Additional storage is available through the Cluster Partnership Program, - Research I Allocation, Research II Allocation or, in certain circumstances, - Special Allocation.

Checking available space

To check your current quotas use the quota command. Typical output may look like this

The output could have up to three sections. The top section displays information about the home directory and the scratch space (scratch2). The middle section displays information about the project2 space. The bottom section displays information about the DaLi space. Depending on how many groups you are part of, you may see multiple lines in the middle and the bottom sections.

Descriptions of the fields:

fileset: This is the file set or file system where this quota is valid.

type: This is the type of quota. This can be blocks for the amount of consumed disk space or files for the number of files in a directory. Either of blocks or files quotas can be set at the user or group level. The quota on the home directory and the scratch space is set as per user basis and the quota on the scratch space is set as per group basis.
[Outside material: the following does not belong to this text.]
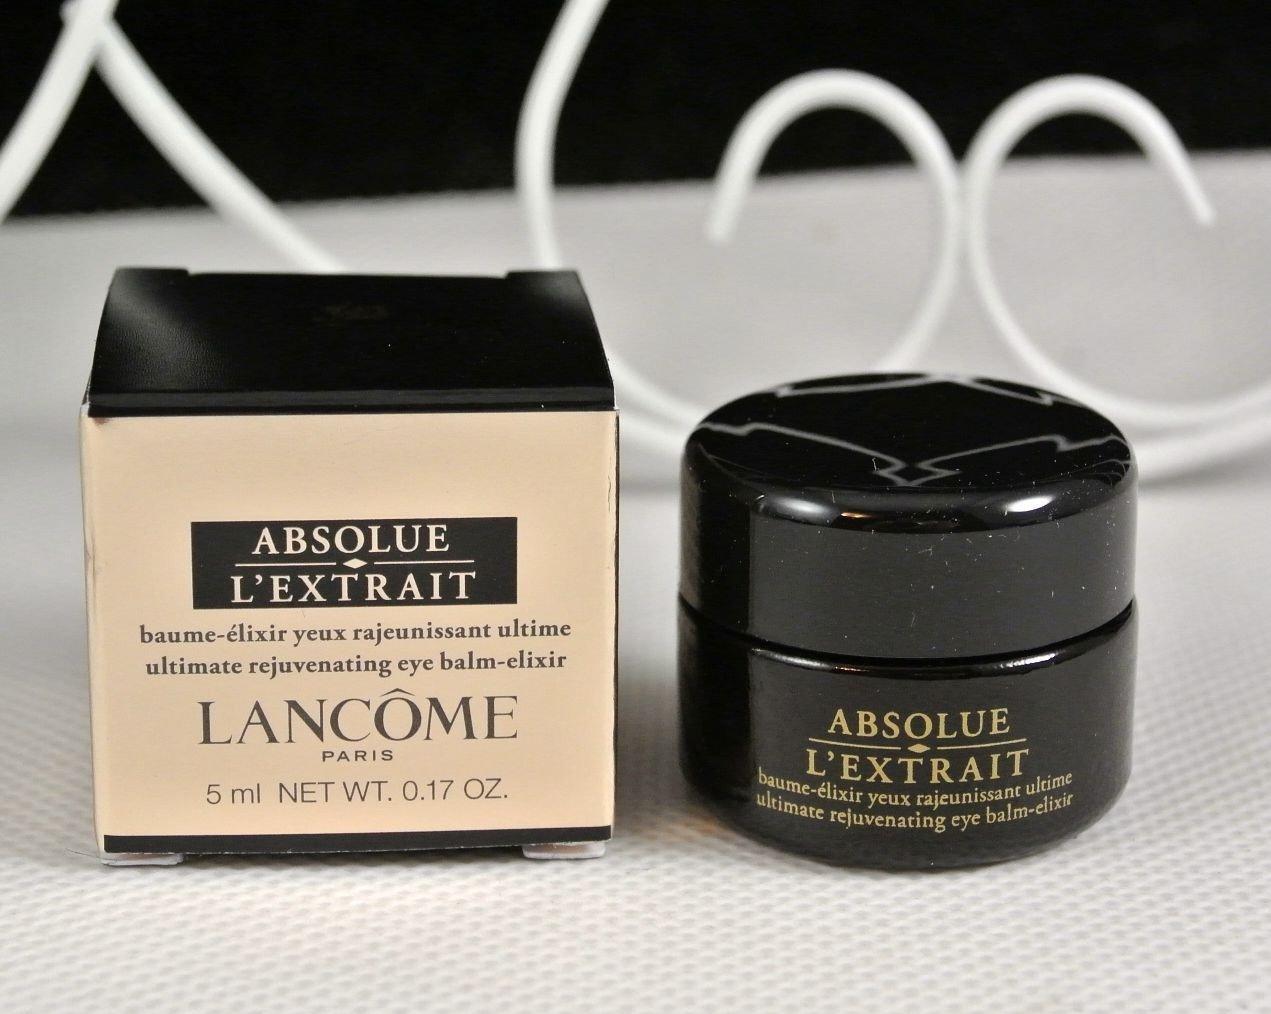 $87 Value Absolue L'Extrait Ultimate Eye Contour Rejuvenating Eye Balm-Elixir 5 ml/0.17 oz. Deluxe Travel Size

used: This is the amount of disk space consumed or the number of files in the specified location.

quota: This is the soft quota (storage space or file count) associated with the specified location. It is possible for usage to exceed the soft quota for the grace period or up to the hard limit.

limit: This is the hard quota (storage space or file count) associated with the specified location. When your usage exceeds this limit, you will NOT be able to write to that filesystem.

grace: This is the grace period, or the amount of time remaining that the soft quota can be exceeded. The value none means that the quota is not exceeded. After a soft quota has been exceeded for longer than the grace period, it will no longer be possible to create new files.

Persistent Space

Persistent space is appropriate for long term storage. The location for persistent space on DaLI is the directory /dali. These directories have both file system :ref:snapshots and :ref:tape backup for data protection.

Home Directories

RCC users' home directories are accessible from DaLI and are generally used for storing frequently used items such as source code, binaries, and scripts. By default, a home directory is only accessible by its owner (mode 0700) and is suitable for storing files which do not need to be shared with others.

Project Directories

On DaLI, RCC PI Groups are allocated a Project Directory located at :file:/dali/<PI CNetID> where is the CNetID of your RCC PI account holder. These directories are accessible by all members of the PI Group and are generally used for storing files which need to be shared by members of the group. Additional storage in project directories is available through the Cluster Partnership Program, - Research I Allocation, Research II Allocation or, in certain circumstances, - Special Allocation.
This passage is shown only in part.